“Hoy nos concedes celebrar la gloria de tu ciudad santa, la Jerusalén
celeste, que es nuestra madre, donde eternamente te alaba la asamblea festiva
de todos los santos”. Con estas palabras inicia en este día la plegaria
eucarística, para recordarnos a todas aquellas personas que, después de haber
superado las dificultades de la vida presente, participan ya en la gloriosa
liturgia del Reino, glorificando y dando gracias a Dios. Los que formamos la
comunidad itinerante de los creyentes nos esforzamos con esperanza a caminar
hacia esta realidad, que, en verdad, solamente una fe firme puede ayudarnos a
esperar. Sin duda sirve de ayuda y consuelo saber que algunos de los nuestros
ya han terminado con éxito su camino y gozan de la paz definitiva y que podemos
contar con ellos como amigos y modelos.
La liturgia de este día nos propone el
tema de la reunión de los justos en la montaña en la cual Dios ha establecido
el lugar santo de su presencia. El texto que se utiliza hoy como salmo
responsorial, el salmo 23, desarrolla este tema en un contexto procesional,
probablemente en relación con el Arca del Señor que se conservaba en el templo
de Jerusalén. La primera estrofa del salmo es un breve himno que canta el
dominio cósmico de Dios, autor y conservador de todo. El universo entero así
como todos los que lo habitan, son obra de Dios, el cual ha querido establecer
su morada en la montaña que se alza en medio de Israel, y hacia la cual los
hijos de Jacob se dirigen para rendirle culto. Pero este lugar santo permanece
abierto no sólo para los hijos de Israel, sino también para todos los hombres.
Para subir a esta montaña sin embargo es necesario observar determinadas
condiciones: tener las manos inocentes y el corazón puro. En otras palabras,
para participar en el culto, temporal o definitivo, de Dios, es necesario que
la vida de cada día esté inspirada por los mandamientos que el mismo Dios
indicó en el momento de establecer su Alianza con los hombres. A quien se
comporta de este modo le corresponde tener parte en la bendición divina,
convirtiéndose en la generación que busca al Señor, es decir que desea
encontrarse ante su presencia en su santuario, para participar en el culto que
allí se celebra. Lo que era una realidad para los peregrinas de Israel que se
acercaban al templo de Sion, lo es para todos los que desean participar de la
intimidad de Dios en la morada definitiva de la nueva Jerusalén.

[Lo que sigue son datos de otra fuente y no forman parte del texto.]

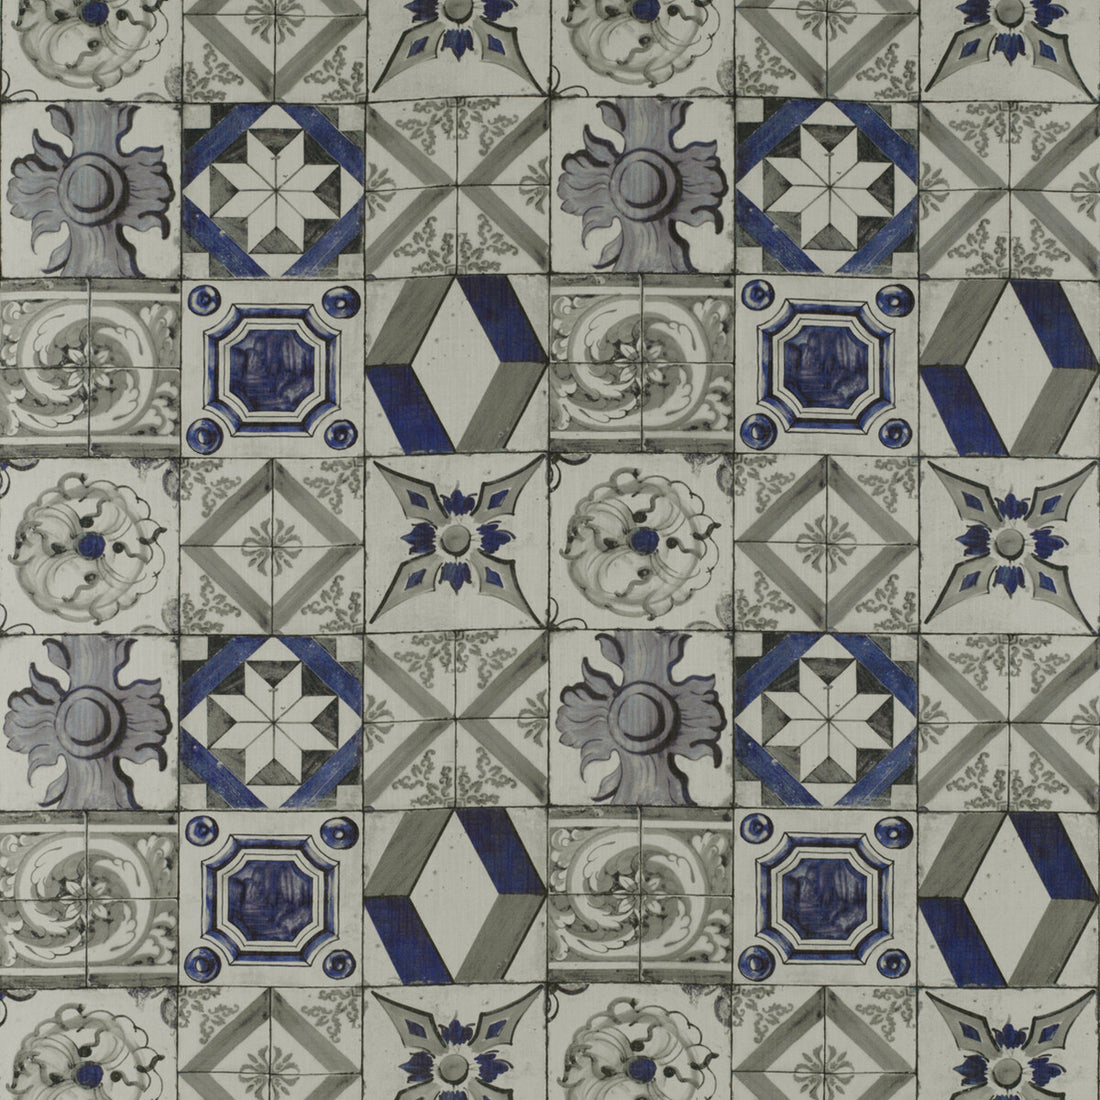 Trastevere fabric in azul/gris color - pattern GDT5332.004.0 - by Gaston y Daniela in the Tierras collection

En la primera lectura, san Juan contaba
una visión que tuvo: los elegidos, tanto los que vienen del pueblo de Israel y
que habían sido marcados, como las muchedumbres que vienen de toda nación,
raza, pueblo y lengua, con vestidos de fiesta, cantan las alabanzas de Dios
salvador que les ha hecho superar el pecado y la muerte, para gozar de la vida
eterna. El simbolismo de estas imágenes, ricas de contenido, ofrecen dos
aspectos que conviene subrayar: la reunión de todos los hombres en una única
comunidad festiva, que proclama, alabando y dando gracias por la realidad de la
propia salvación, y la parte que corresponde a Dios que ha querido y hecho
posible este encuentro de salvación.
Esta comunión de los elegidos con Dios,
que se manifestará plenamente al fin de los tiempos, tiene como fundamento el
hecho que el amor de Dios nos ha concedido poder ser sus hijos. Esta realidad
aún no se ha manifestado plenamente, dado que la experiencia cotidiana enseña
cómo queda escondida en la ambiguedad y las contradicciones del vivir humano.
En la medida en que el cristiano vive en la esperanza de la manifestación
final, el tiempo presente es una invitación a purificar nuestra relación con
Dios, es decir hemos de actuar las condiciones puestas por Dios para que el
Reino pueda ser un hecho, no solamente personalmente sino también
comunitariamente.
El empeño activo y concreto que la
esperanza cristiana propone a los creyentes en vista del encuentro final con Dios
encuentra una formulación concreta en las bienaventuranzas que el evangelio propone.
El quehacer que se espera de los creyentes es precedido del anuncio de la
felicidad que Dios mismo ha destinado para sus hijos. La palabra de Jesús no
invita a una evasión espiritual sino a vivir, en la lógica del misterio
pascual, los conflictos y las miserias de la vida cotidiana.